The EU, he says, ended all that. Now farming subsidies reward the land owners, who can effectively get money for nothing, as long as they own the acres. Before we joined the EU we pretty much fed ourselves as a nation with high-quality foods produced by proud British farmers, he says. Why couldn’t – and shouldn’t – we do that again?
...Which all sounds fantastically reasonable.
But raises a question at the heart of this deeply complex issue.
How much of our current farming woes are the EU’s fault, and how much should we look instead at the wider actions of the market? Because while it's true that farm subsidies under the EU have frequently been imperfect, it wasn't the EU that abolished the Milk Marketing Board (MMB); it was a Tory government, with the passing of the Agriculture Act 1993.
Trying to untangle the actions of the market, the UK government and the EU is time-consuming and complex, both as a practical exercise and as a nostalgia-control check. Conflating neoliberal economics and the excesses of runaway capitalism from ‘the EU’ would make a fascinating PhD or ten.
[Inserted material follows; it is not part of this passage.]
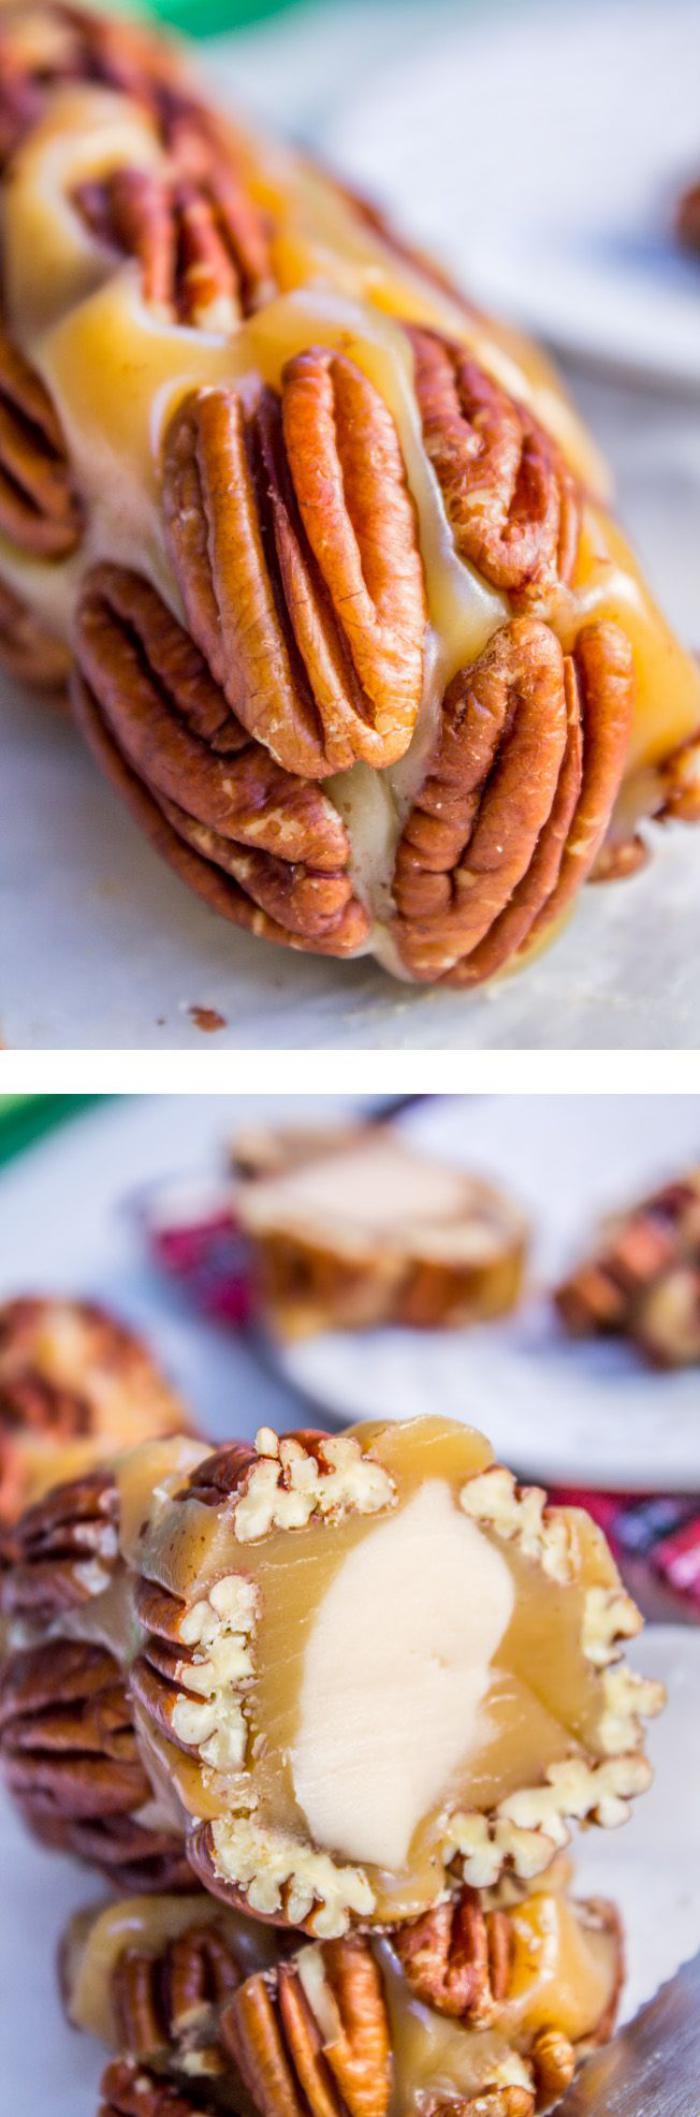 nougat-tendre-roulé-de-nougat-au-caramel-et-noix

But those discussions are not being had among the population at large. And in Gove's brave new world we must discount the views of experts.
Nor am I convinced that in a post-Brexit landscape a pseudo-MMB would be welcomed. Such a body looks and smells very much like a socialist construct. Will the Mail, Sun or Telegraph, the loudest backers of a hard Brexit, really be championing price regulation for home-grown food? Or will the strong arm of the market win once again, forcing our already marginalised farmers even further to the edge?
We shall see.
Jim's recognition that the hill farmer's days are likely numbered has been one of his reasons for welcoming guests. "I no longer farm Charolais," he tells me, with a mischievous twinkle in his eye, "I farm people."
I take my leave of Ash-hining Farm reluctantly. Jim's one of the Way's many characters, embedded in this landscape with a broad, deep knowledge of his valley and its people. A long-distance walk is never just about counting down the miles; it's about people like Jim; a reciting of tales; a sharing of world views.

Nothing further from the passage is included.